Хикеракли бы и рад насмехаться, ибо вот где хохма почище тележки под окнами. Почище и арестов добрых людей, и расстрелов ихних, и комитетов этих окаянных, и прочей дури, которую надо было остановить. Всем хохмам хохма!
Она же быль.
— Не расхотел крови? — всмотрелся он в метелинское смущённое лицо.
— Вздор какой, чепуха, — затряс головой тот. — Не бывает так, Хикеракли. Вчера мальчишка мальчишкой, а теперь, так скоро…
— Посмотри на себя, Саша, — перебил его Хикеракли и сам поразился тому, как твёрдо звучит голос. — Посмотри на меня. Да не криви морду, лучше посмотри. Видишь? Ведь можно же вместо Твирина любого… Да если ты пойдёшь стрелять, то и тебя можно! У тебя ж есть жизнь, как говорится, новая, другая, вот её и живи. А на нас не гляди.

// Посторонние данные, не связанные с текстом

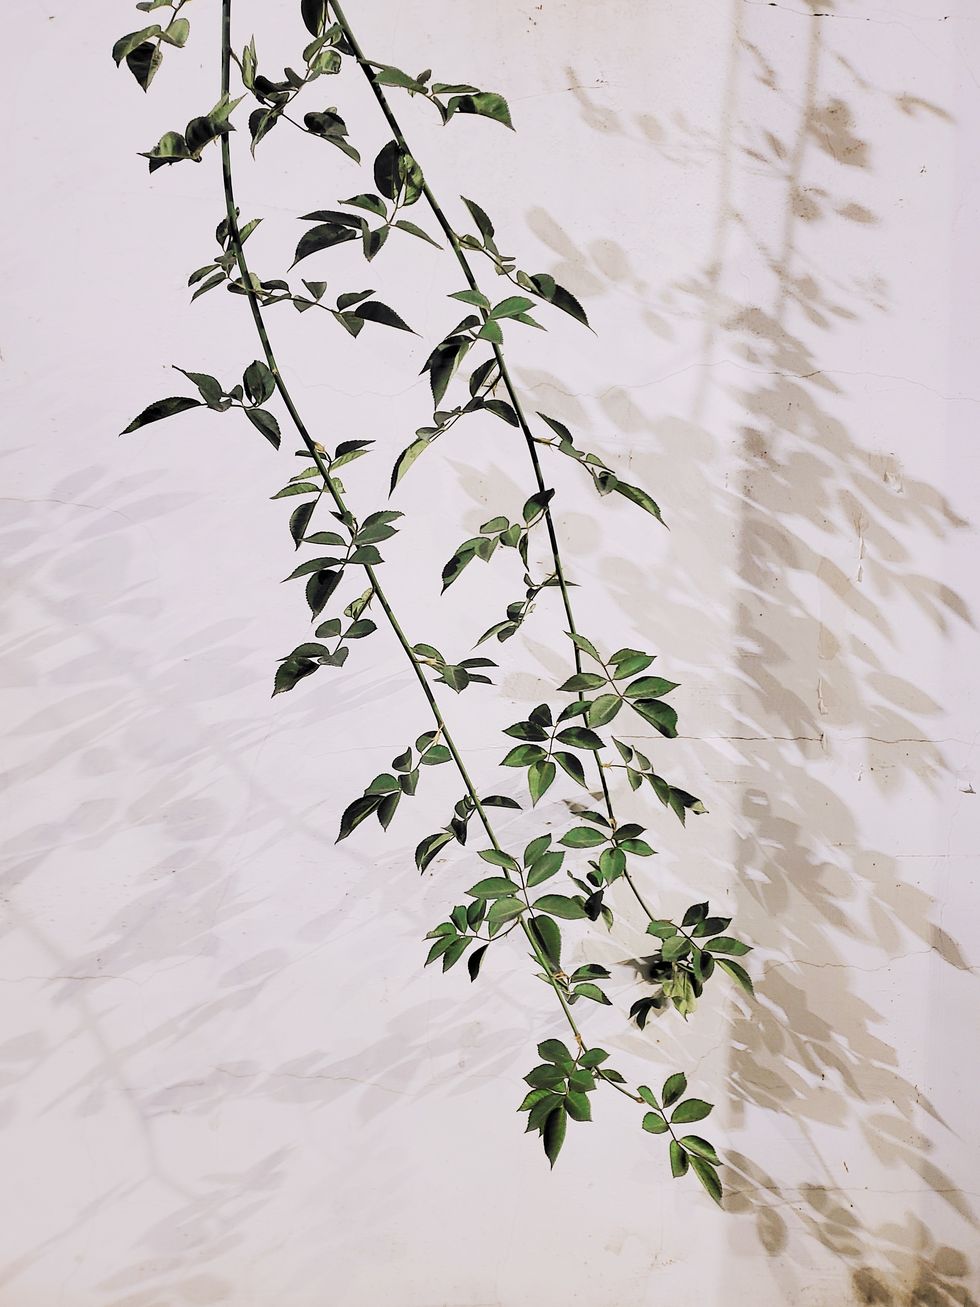 abstract pattern of plant branches hanging on the wall and its shadow on the wall at night

— На вас не захочешь, а всё равно смотреть будешь — столько шуму.
Метелин глаз не отводил, но Хикеракли того и не желал. Желал он Метелину собственную голову на плечи перецепить, чтобы тот сам на красоты петербержские полюбовался и понял, чего не понимает.

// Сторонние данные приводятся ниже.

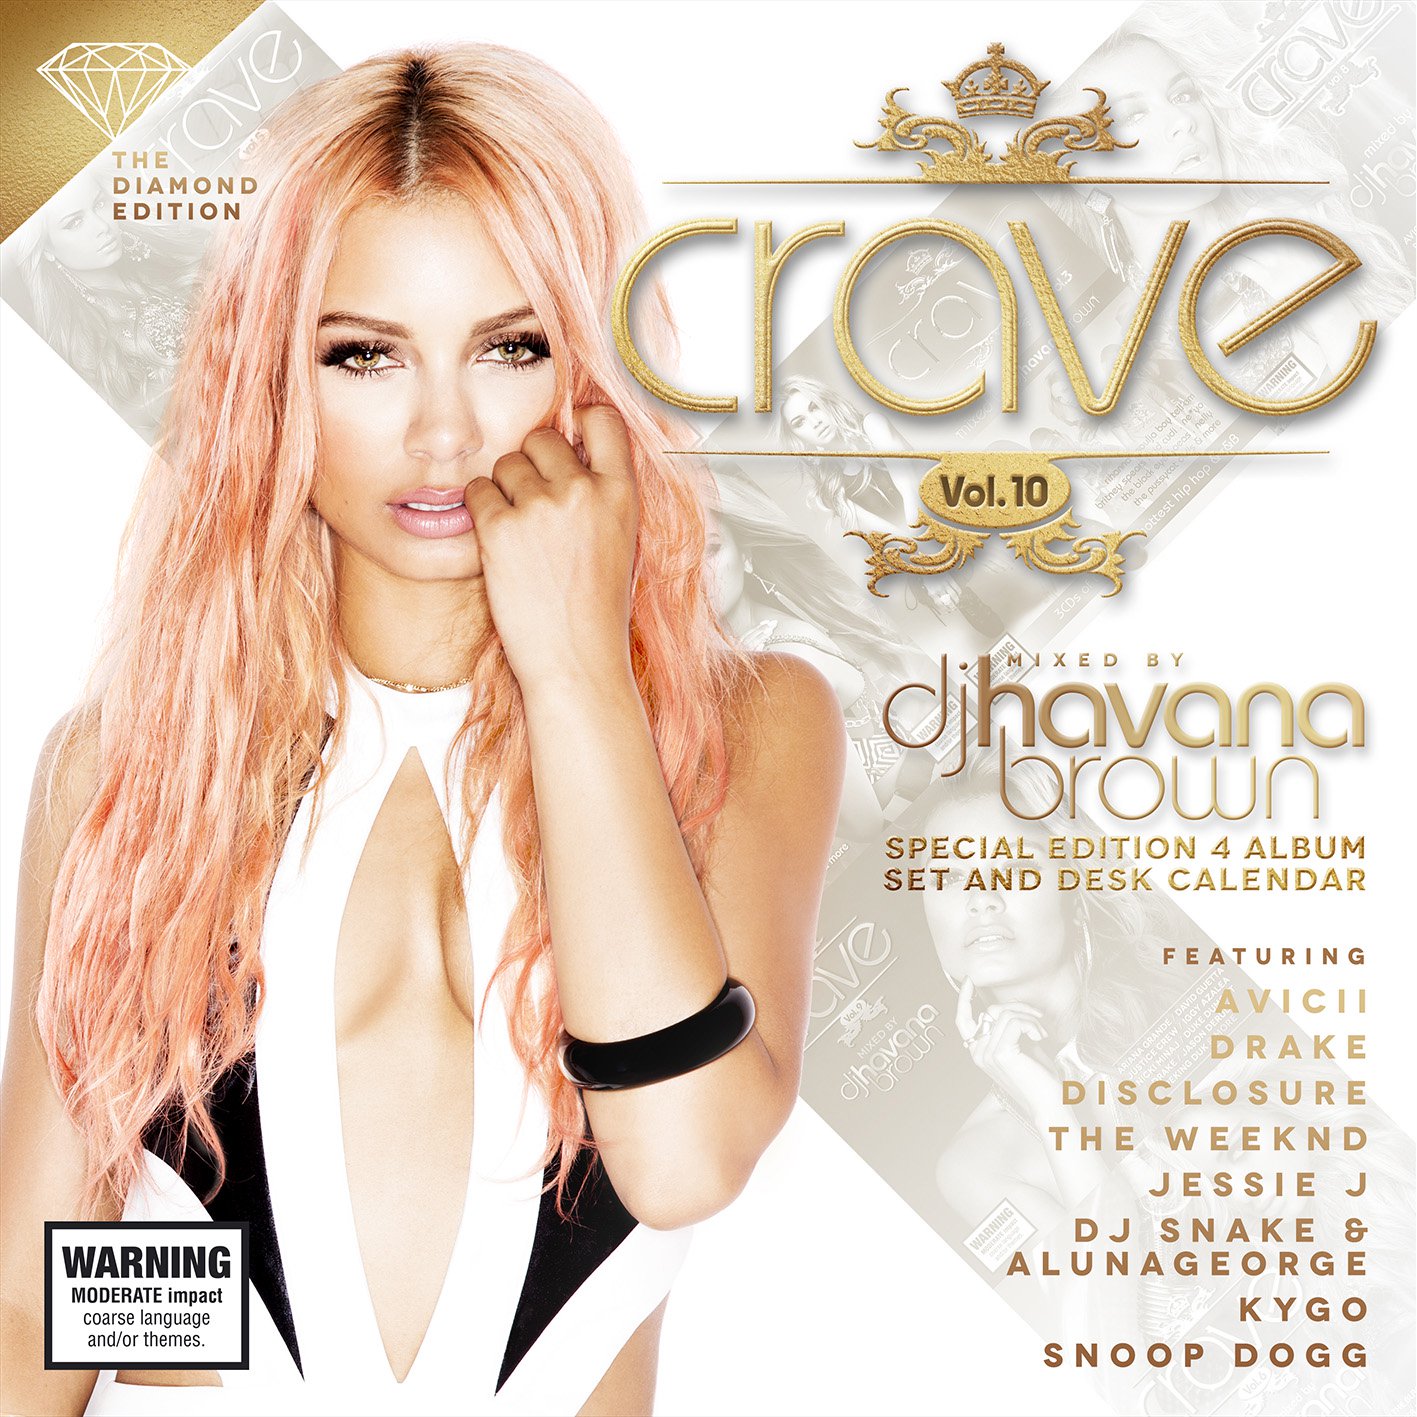 Havana Brown Crave Vol.10 The Diamond Edition Cover by Los Angeles Fashion Photographer James Hickey

За окном солдаты завершали конфискацию тележки. Хозяин «Пёсьего двора» шёпотом отправил мальчишку в погреб за новой бутылкой холодной водки. Его сиятельство граф Александр Метелин был крепок телом, здоров душой и полон решимости использовать револьвер по делу.
Порядок вещей, устав колебаться, застыл накануне самого страшного события в истории Петерберга под странным, но уютным, как «Пёсий двор», углом.
— Э, пустое это, — постановил Хикеракли. — Ты налил? Мо-ло-дец… Дай-ка я тебе лучше сказку расскажу, я сказки шибко полюбил нынче. Ну чего пялишься? Послушаешь — сразу всё и поймёшь. — Он опрокинул в себя стопку, прокряхтелся в рукав и начал: — Вот-с, значит. Жил на свете мальчик, и были у него… ну, пусть папаша, сват и брат. И всё хорошо, а то как же, и по бабам, как говорится, и пожрать имелось чего. А потом как-то раз приходит к ним из лесу волк… да в деревне они жили, неважно! Приходит, значит, волк. Почему приходит? А потому что такая вот она, волчья суть. И говорит… Ну я тебе диалоги пересказывать не стану, да и не было диалогов, мальчик умный был, сам всё понял, без слов. Волка кормят ноги и такие вот мальчики. Ну поплакал он да и отдал ему папашу. А что? Остальным ведь жить надо. Только волк папашу съел, а сам как был, так и стоит, пуще прежнего зенками сверкает. Не наелся, значит. Дальше всё ясно — сказка ведь, в сказке так и причитается, отдал мальчик свата. У волка слюна течёт, а сам он… даже и не рычит, зачем ему? Мальчик-то умный. В общем, тоже не спасло. Мальчик уже думать начал: может, мол, я что не так делаю? Что это такая за биология, что не нажрётся всё тварь? Ну а с другой стороны — ты двоих человек уже ему скормил, умник, давай теперь ещё, как говорится, по-реф-лек-си-руй! Ясен пень, не рефлексировал. Поплакал-погоревал да и скормил волку брата. Тот облизнулся — только косточки хрустнули.
Только и хрустнули, да-с.
Метелин заморгал в недоумении.
— И каков же финал?
— Финал? — Хикеракли почти рассмеялся, только вот не тянуло его что-то на веселье. — Не знаю. Хотел бы, да не знаю.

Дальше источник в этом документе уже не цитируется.